The Town argues, first, that the trial court should have looked only at the prior or existing uses of the property (i.e., whether it had been developed as a unit in the past); second, that Pacetta could not establish that it had designated the land to be used for its stated purpose because it had not yet applied to the Town for permits to construct the development; and, third, that a mixed-use development cannot qualify as a “parcel of land” because of its multiple intended uses.3 We reject these arguments as inconsistent with the plain language of the statute. Section 163.3164(16) plainly defines “parcel” to include land “to be used, or developed, as a unit.” This language clearly contemplates consideration of a planned future use of *842the property, does not require that the owner file applications as a prerequisite to establishing its intended use of the property,4 and in no way limits the development “unit” to single uses.

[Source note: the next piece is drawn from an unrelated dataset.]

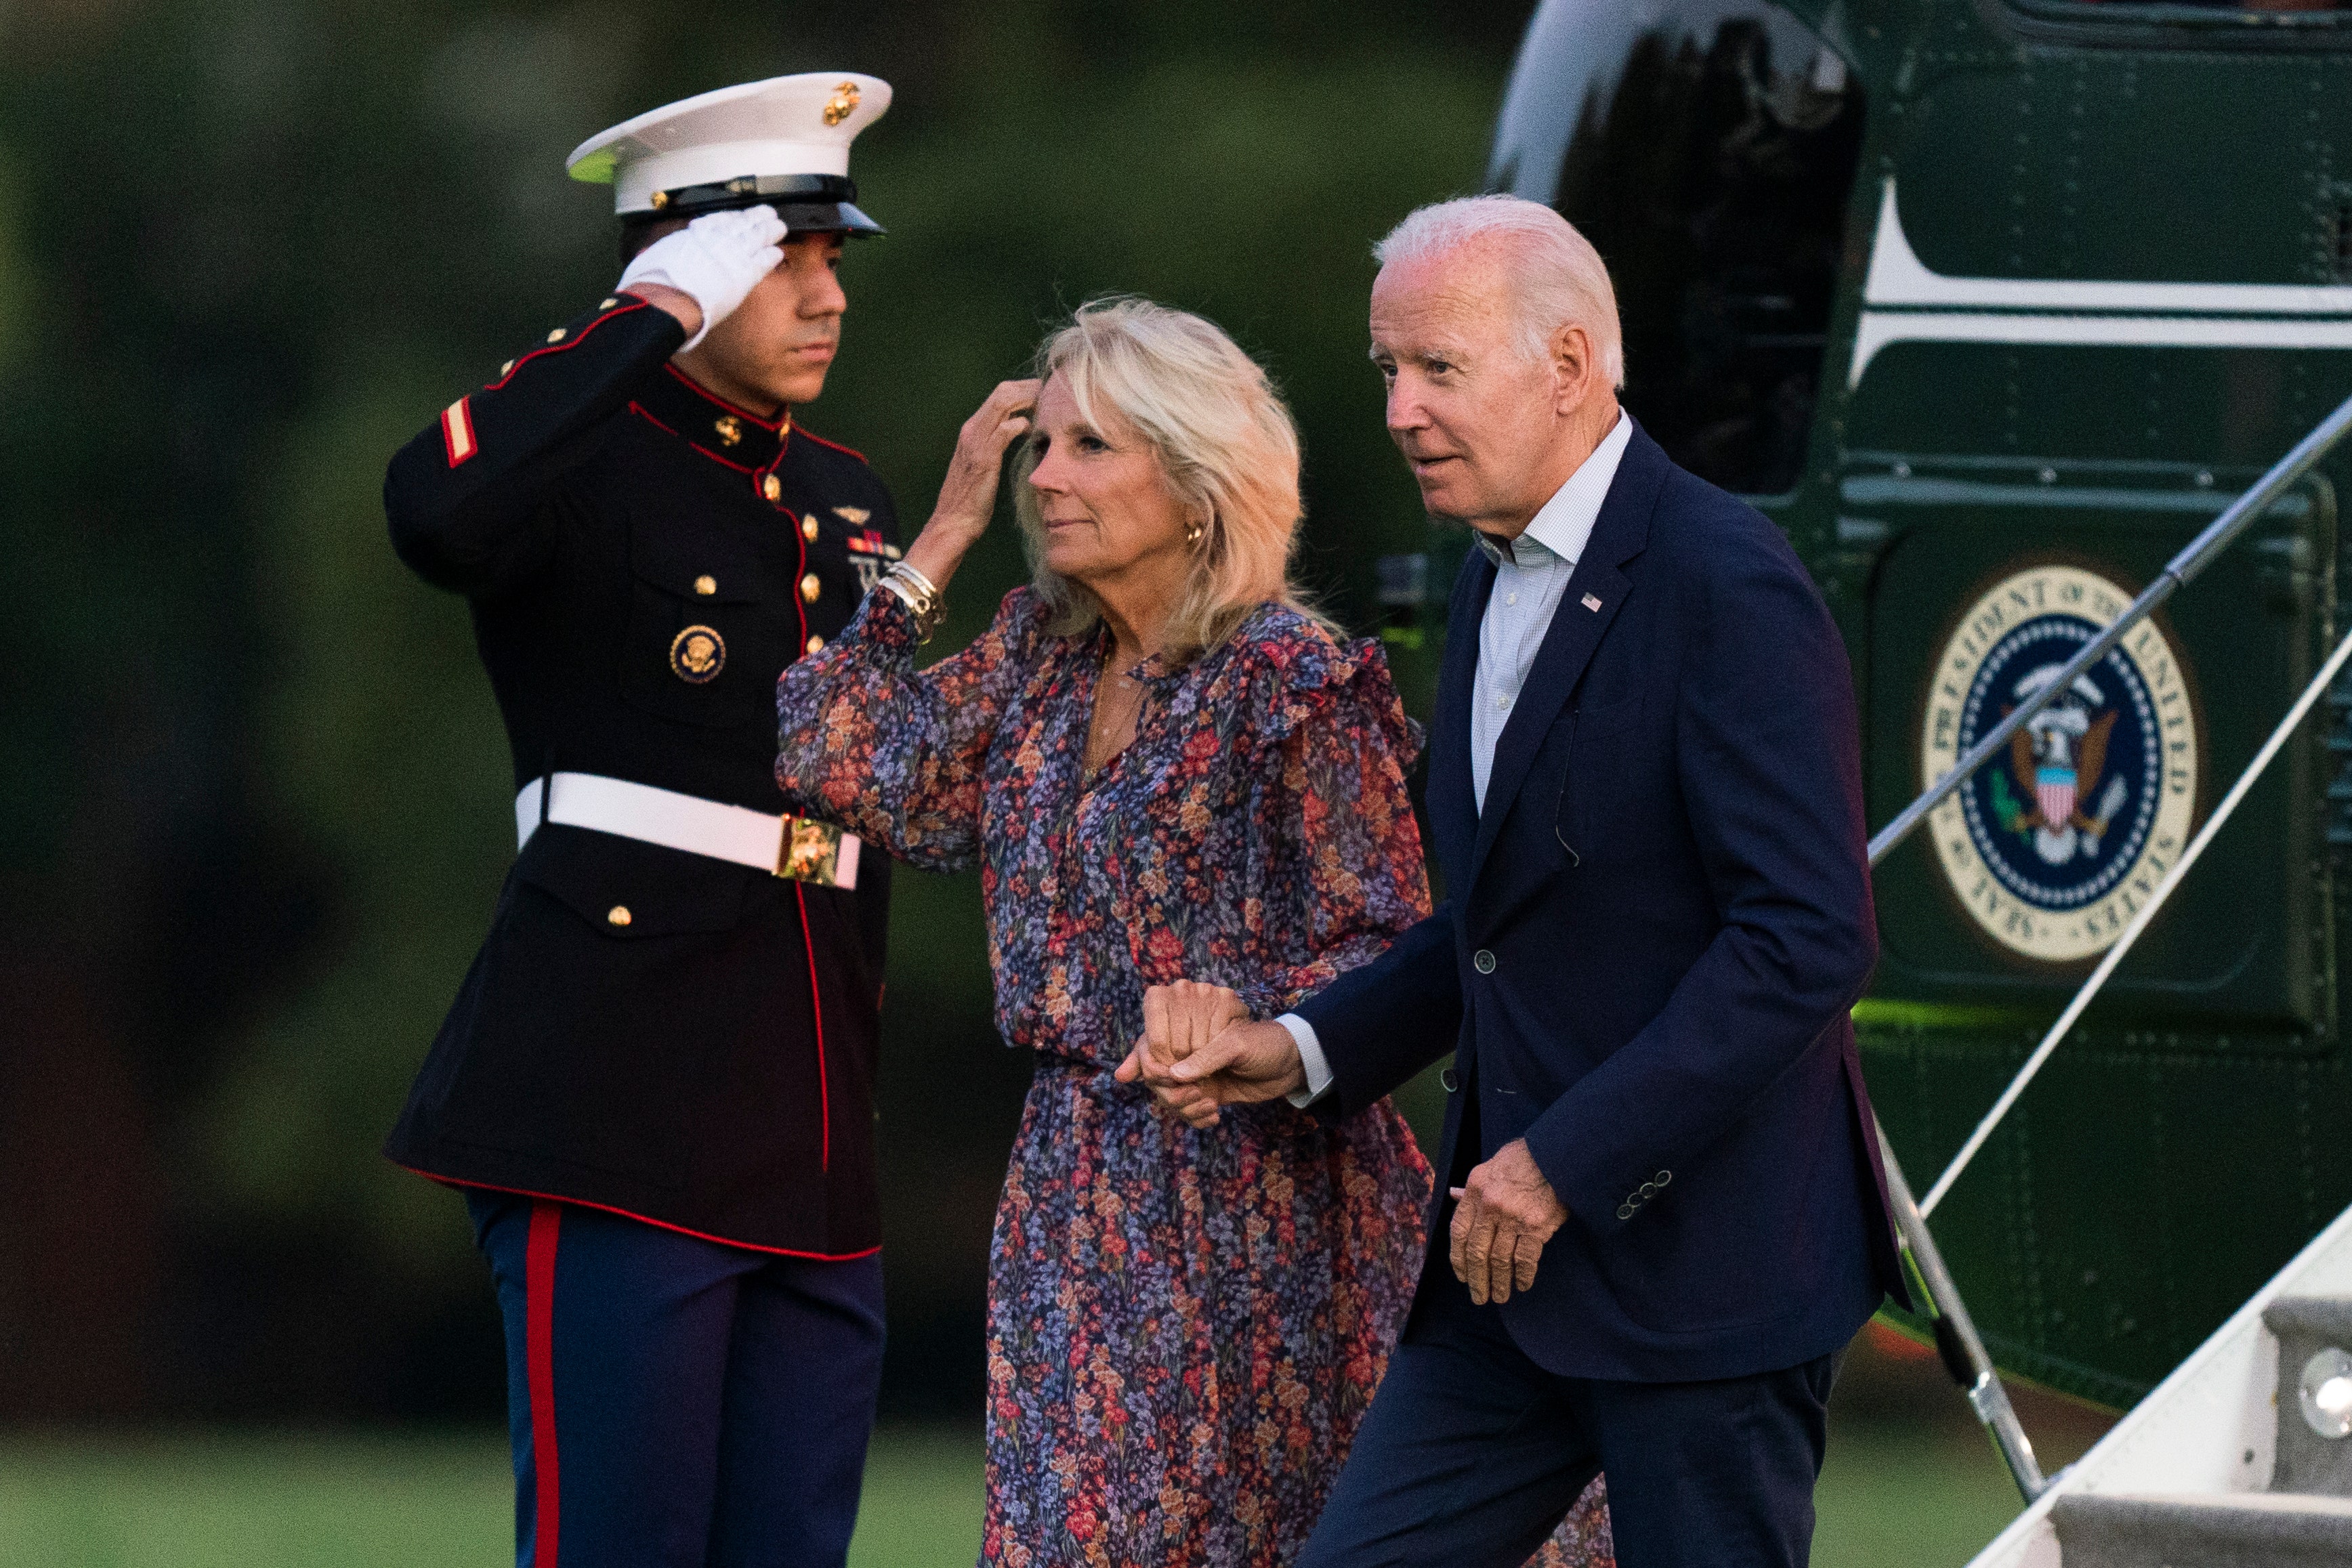 Why Biden’s winning hand may be too late to boost his 2024 prospects

Because the evidence was uncontrovert-ed that the citizens’ initiative referendum affected five or fewer parcels,5 the trial court correctly determined that the referendum violated section 163.3167(12), and declared it invalid. With respect to the ordinance conforming the comprehensive plan to the referendum, it only makes sense to hold the ordinance invalid as well — as this would be the only way to give effect to section 163.3167(12). In reaching this conclusion, we have considered and rejected the Town’s argument that even if the referendum is declared invalid, the court is powerless to invalidate a legislative action of the board under the “fairly debatable” standard typically applicable to this type of board action. See Martin County v. Yusem, 690 So.2d 1288, 1294 (Fla.1997) (holding that “amendments to a comprehensive plan are legislative decisions subject to the fairly debatable rule”). This case is distinguishable from Yusem, which involved a governing board’s routine exercise of its normally broad discretion in enacting legislation. Here, the Board was taking the only course of action which appeared open to it by adopting a comprehensive plan amendment that mirrored the referendum enacted by the electorate. The Board had nothing to debate, and its perfunctory action in adopting the ordinance does not merit the deference that would be afforded to a board’s legislative determination that one of multiple available courses of action would best serve the needs of the public.

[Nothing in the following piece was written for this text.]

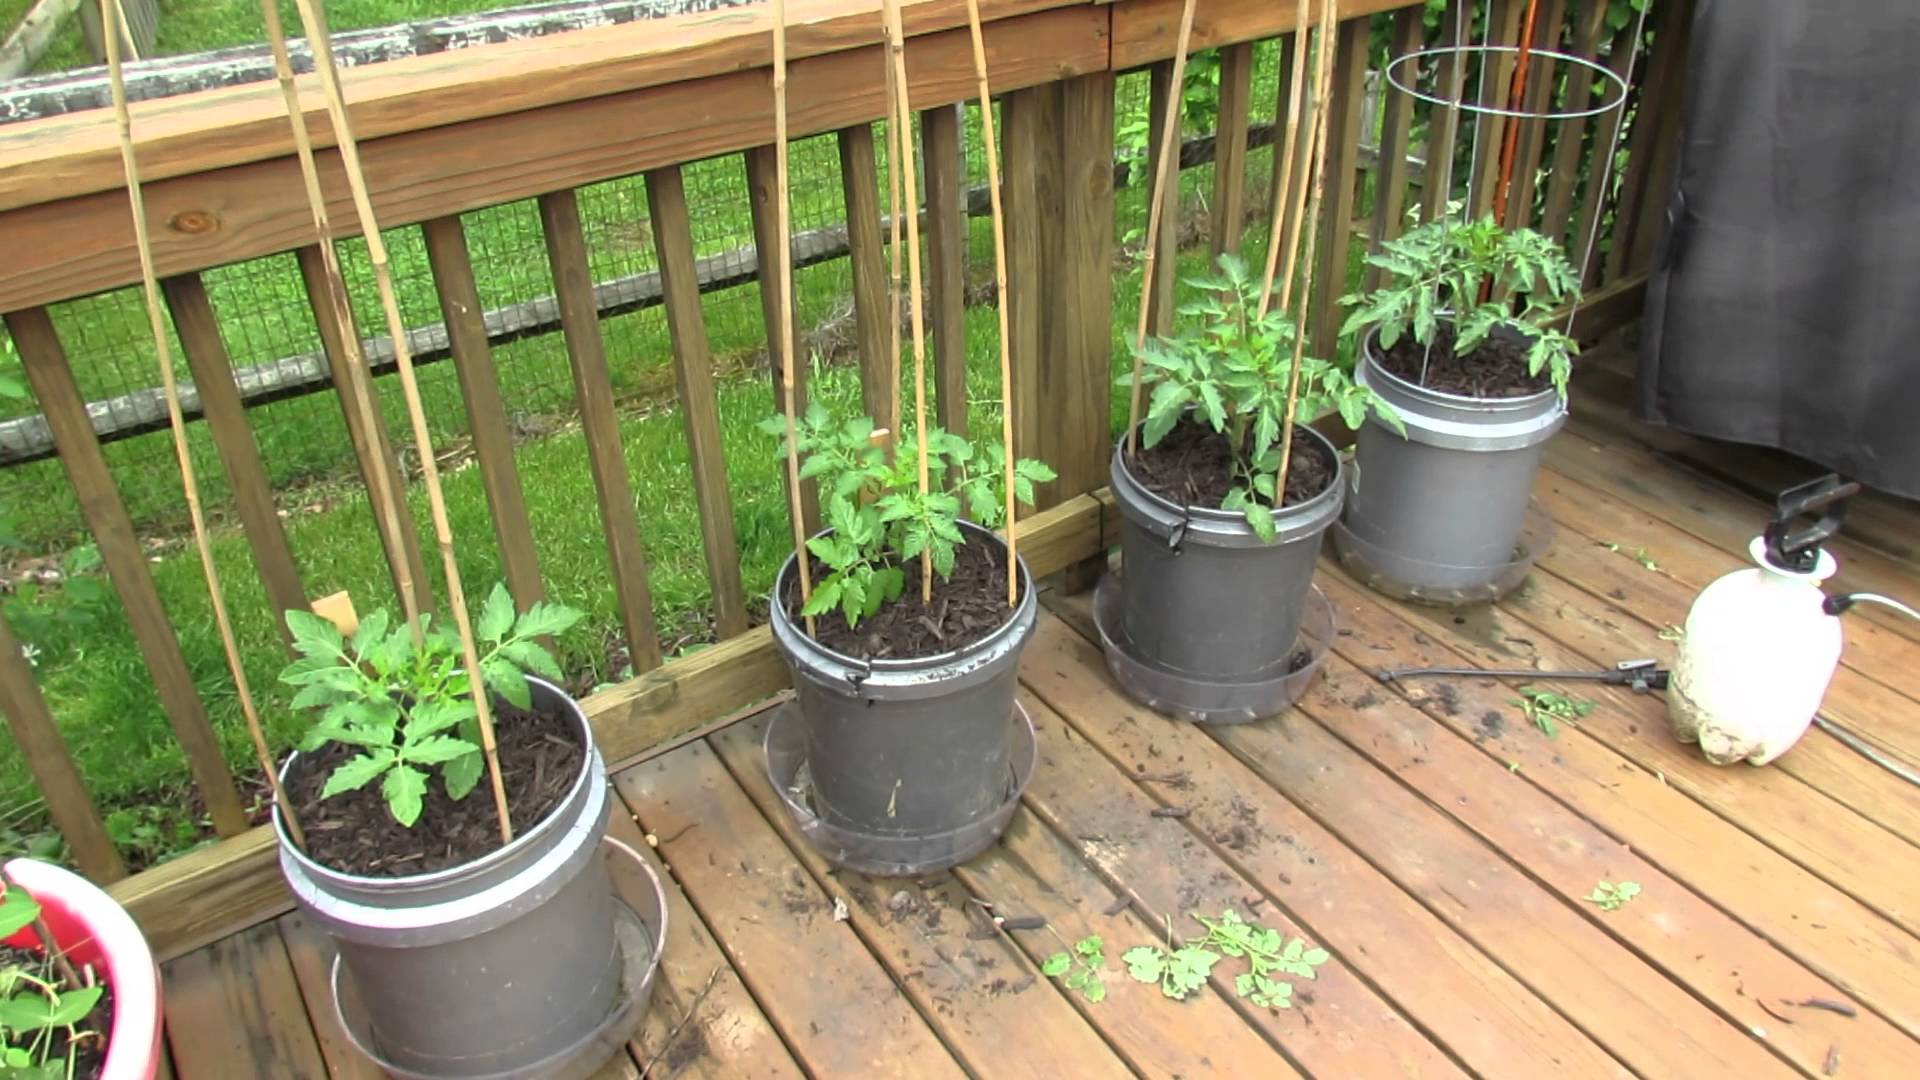 Preparing for large tomato plant growth. - The Tomato Tutorial: Tips on How to Grow Your Own Tomatoes

Finally, we note that although the trial court found the referendum and ordinance invalid on other grounds as well, we need not reach any other issue having found that summary judgment was properly entered — and the referendum and ordinance were properly held invalid — based on the application of section 163.3167(12).

AFFIRMED.

SAWAYA and ORFINGER, JJ., concur.

. The ordinance amended the Town's comprehensive plan ("comp plan”), to include the land use restrictions adopted by the electorate in the referendum.

. This statute is part of Florida's "Growth Management Act,” chapter 163, Florida Statutes (2008), a comprehensive scheme governing land use regulation originally adopted as chapter 85-55, Laws of Florida.

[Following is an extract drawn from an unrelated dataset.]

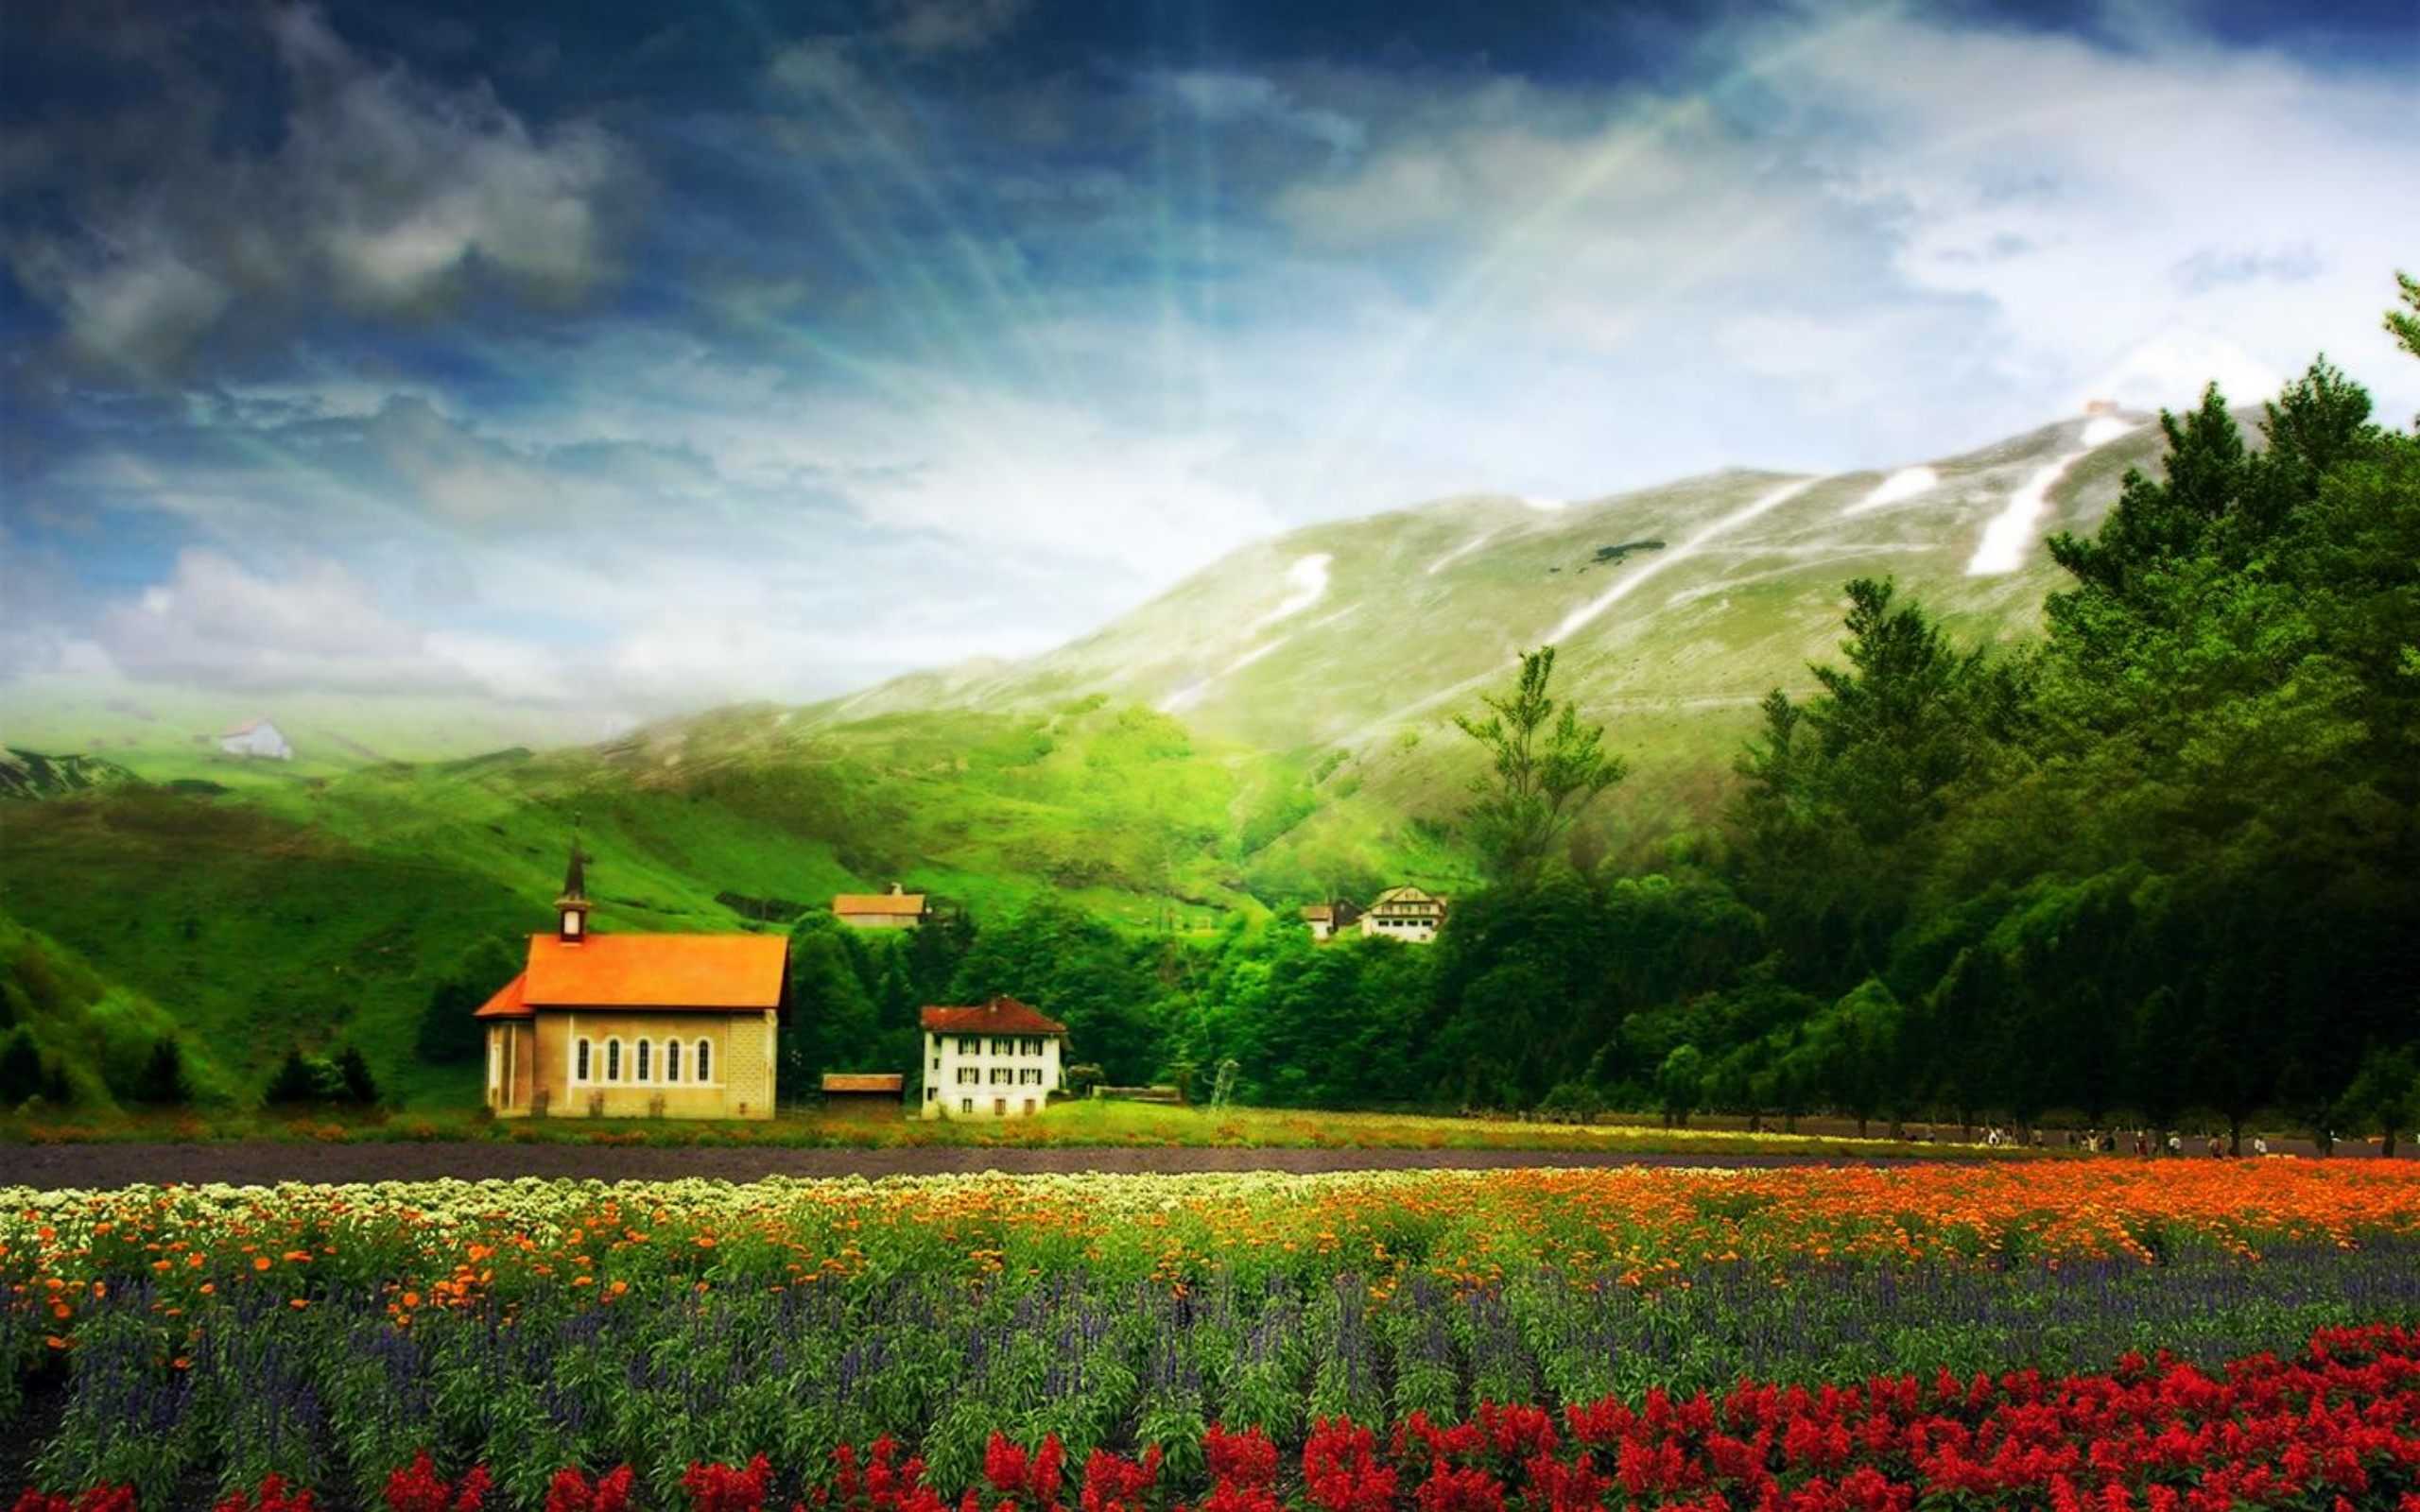 25 Outstanding wallpaper for desktop scenery You Can Get It free ...

. As we understand this argument, an owner who planned to build a ten-acre single-use multifamily residential development (e.g., apartment buildings) could count the development as a "unit” because it involves only one "use.” However, if the owner planned to use the same ten acres to construct a development that combined single-family and multifamily dwellings with restaurants and shops, the owner would have to count each "use” as a separate "unit” of development.

. We also note that Pacetta had been working successfully with the Town to secure comprehensive plan amendments that would have fully accommodated its planned mixed-use development, until that effort was thwarted by the citizens' initiative referendum. It would not have made sense for Pacetta to apply for approvals to build a development that it recognized to be inconsistent with elements of the existing comprehensive plan. Additionally, the Town had a building moratorium in effect at the time that would have independently served as a basis for denial of any permits for construction of Pacetta's planned development.

. The uncontroverted evidence established that part of the referendum affected only Pa-cetta’s land and that another section affected only Pacetta’s land and two other parcels.